▸ **WORK TASK**:
Please copy out every line of the data word for word.

··· THE DATA

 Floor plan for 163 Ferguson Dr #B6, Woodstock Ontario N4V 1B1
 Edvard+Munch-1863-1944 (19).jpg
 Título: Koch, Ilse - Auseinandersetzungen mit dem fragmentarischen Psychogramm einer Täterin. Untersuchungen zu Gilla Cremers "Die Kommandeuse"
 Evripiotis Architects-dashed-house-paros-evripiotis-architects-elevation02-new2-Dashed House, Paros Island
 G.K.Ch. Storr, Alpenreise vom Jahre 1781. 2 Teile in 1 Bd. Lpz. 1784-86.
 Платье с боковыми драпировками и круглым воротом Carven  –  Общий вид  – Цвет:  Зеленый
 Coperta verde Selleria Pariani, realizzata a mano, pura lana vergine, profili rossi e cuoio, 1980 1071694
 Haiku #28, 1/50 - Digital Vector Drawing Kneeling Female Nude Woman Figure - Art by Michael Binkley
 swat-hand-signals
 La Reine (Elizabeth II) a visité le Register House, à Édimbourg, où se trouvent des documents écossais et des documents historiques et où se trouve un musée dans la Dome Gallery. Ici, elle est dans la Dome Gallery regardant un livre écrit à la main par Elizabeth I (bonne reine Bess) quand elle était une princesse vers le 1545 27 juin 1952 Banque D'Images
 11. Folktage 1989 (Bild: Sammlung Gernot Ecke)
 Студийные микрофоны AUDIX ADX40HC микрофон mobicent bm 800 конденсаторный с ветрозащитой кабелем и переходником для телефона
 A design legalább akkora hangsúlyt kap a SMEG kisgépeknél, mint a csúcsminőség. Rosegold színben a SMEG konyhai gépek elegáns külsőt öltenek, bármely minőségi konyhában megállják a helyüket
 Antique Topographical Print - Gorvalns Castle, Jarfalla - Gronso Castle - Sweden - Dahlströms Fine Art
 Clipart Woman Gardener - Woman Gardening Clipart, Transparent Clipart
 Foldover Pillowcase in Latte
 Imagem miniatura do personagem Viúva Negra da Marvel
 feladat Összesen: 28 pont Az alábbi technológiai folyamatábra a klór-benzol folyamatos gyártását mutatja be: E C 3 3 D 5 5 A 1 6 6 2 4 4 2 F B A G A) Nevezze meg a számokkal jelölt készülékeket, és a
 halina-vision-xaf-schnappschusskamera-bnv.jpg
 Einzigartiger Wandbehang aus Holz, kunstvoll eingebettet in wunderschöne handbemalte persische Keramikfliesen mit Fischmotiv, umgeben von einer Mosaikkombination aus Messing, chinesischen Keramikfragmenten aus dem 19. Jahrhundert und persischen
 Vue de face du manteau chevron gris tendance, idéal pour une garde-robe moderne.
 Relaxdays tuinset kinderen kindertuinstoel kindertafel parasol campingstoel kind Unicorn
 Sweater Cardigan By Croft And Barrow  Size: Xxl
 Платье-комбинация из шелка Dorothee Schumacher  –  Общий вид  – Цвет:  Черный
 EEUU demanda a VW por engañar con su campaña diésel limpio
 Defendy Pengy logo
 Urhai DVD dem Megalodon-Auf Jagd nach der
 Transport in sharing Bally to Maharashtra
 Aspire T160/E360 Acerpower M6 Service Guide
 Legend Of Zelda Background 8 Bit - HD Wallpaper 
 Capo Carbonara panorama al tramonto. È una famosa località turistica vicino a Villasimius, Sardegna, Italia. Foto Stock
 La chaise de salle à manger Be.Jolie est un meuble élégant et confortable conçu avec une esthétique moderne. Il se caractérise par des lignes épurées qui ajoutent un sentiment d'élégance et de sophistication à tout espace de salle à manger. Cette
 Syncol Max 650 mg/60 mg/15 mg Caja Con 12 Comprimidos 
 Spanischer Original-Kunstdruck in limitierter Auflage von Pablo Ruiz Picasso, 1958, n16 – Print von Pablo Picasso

······

▸ **OUTPUT BELOW**:
 Floor plan for 163 Ferguson Dr #B6, Woodstock Ontario N4V 1B1
 Edvard+Munch-1863-1944 (19).jpg
 Título: Koch, Ilse - Auseinandersetzungen mit dem fragmentarischen Psychogramm einer Täterin. Untersuchungen zu Gilla Cremers "Die Kommandeuse"
 Evripiotis Architects-dashed-house-paros-evripiotis-architects-elevation02-new2-Dashed House, Paros Island
 G.K.Ch. Storr, Alpenreise vom Jahre 1781. 2 Teile in 1 Bd. Lpz. 1784-86.
 Платье с боковыми драпировками и круглым воротом Carven  –  Общий вид  – Цвет:  Зеленый
 Coperta verde Selleria Pariani, realizzata a mano, pura lana vergine, profili rossi e cuoio, 1980 1071694
 Haiku #28, 1/50 - Digital Vector Drawing Kneeling Female Nude Woman Figure - Art by Michael Binkley
 swat-hand-signals
 La Reine (Elizabeth II) a visité le Register House, à Édimbourg, où se trouvent des documents écossais et des documents historiques et où se trouve un musée dans la Dome Gallery. Ici, elle est dans la Dome Gallery regardant un livre écrit à la main par Elizabeth I (bonne reine Bess) quand elle était une princesse vers le 1545 27 juin 1952 Banque D'Images
 11. Folktage 1989 (Bild: Sammlung Gernot Ecke)
 Студийные микрофоны AUDIX ADX40HC микрофон mobicent bm 800 конденсаторный с ветрозащитой кабелем и переходником для телефона
 A design legalább akkora hangsúlyt kap a SMEG kisgépeknél, mint a csúcsminőség. Rosegold színben a SMEG konyhai gépek elegáns külsőt öltenek, bármely minőségi konyhában megállják a helyüket
 Antique Topographical Print - Gorvalns Castle, Jarfalla - Gronso Castle - Sweden - Dahlströms Fine Art
 Clipart Woman Gardener - Woman Gardening Clipart, Transparent Clipart
 Foldover Pillowcase in Latte
 Imagem miniatura do personagem Viúva Negra da Marvel
 feladat Összesen: 28 pont Az alábbi technológiai folyamatábra a klór-benzol folyamatos gyártását mutatja be: E C 3 3 D 5 5 A 1 6 6 2 4 4 2 F B A G A) Nevezze meg a számokkal jelölt készülékeket, és a
 halina-vision-xaf-schnappschusskamera-bnv.jpg
 Einzigartiger Wandbehang aus Holz, kunstvoll eingebettet in wunderschöne handbemalte persische Keramikfliesen mit Fischmotiv, umgeben von einer Mosaikkombination aus Messing, chinesischen Keramikfragmenten aus dem 19. Jahrhundert und persischen
 Vue de face du manteau chevron gris tendance, idéal pour une garde-robe moderne.
 Relaxdays tuinset kinderen kindertuinstoel kindertafel parasol campingstoel kind Unicorn
 Sweater Cardigan By Croft And Barrow  Size: Xxl
 Платье-комбинация из шелка Dorothee Schumacher  –  Общий вид  – Цвет:  Черный
 EEUU demanda a VW por engañar con su campaña diésel limpio
 Defendy Pengy logo
 Urhai DVD dem Megalodon-Auf Jagd nach der
 Transport in sharing Bally to Maharashtra
 Aspire T160/E360 Acerpower M6 Service Guide
 Legend Of Zelda Background 8 Bit - HD Wallpaper 
 Capo Carbonara panorama al tramonto. È una famosa località turistica vicino a Villasimius, Sardegna, Italia. Foto Stock
 La chaise de salle à manger Be.Jolie est un meuble élégant et confortable conçu avec une esthétique moderne. Il se caractérise par des lignes épurées qui ajoutent un sentiment d'élégance et de sophistication à tout espace de salle à manger. Cette
 Syncol Max 650 mg/60 mg/15 mg Caja Con 12 Comprimidos 
 Spanischer Original-Kunstdruck in limitierter Auflage von Pablo Ruiz Picasso, 1958, n16 – Print von Pablo Picasso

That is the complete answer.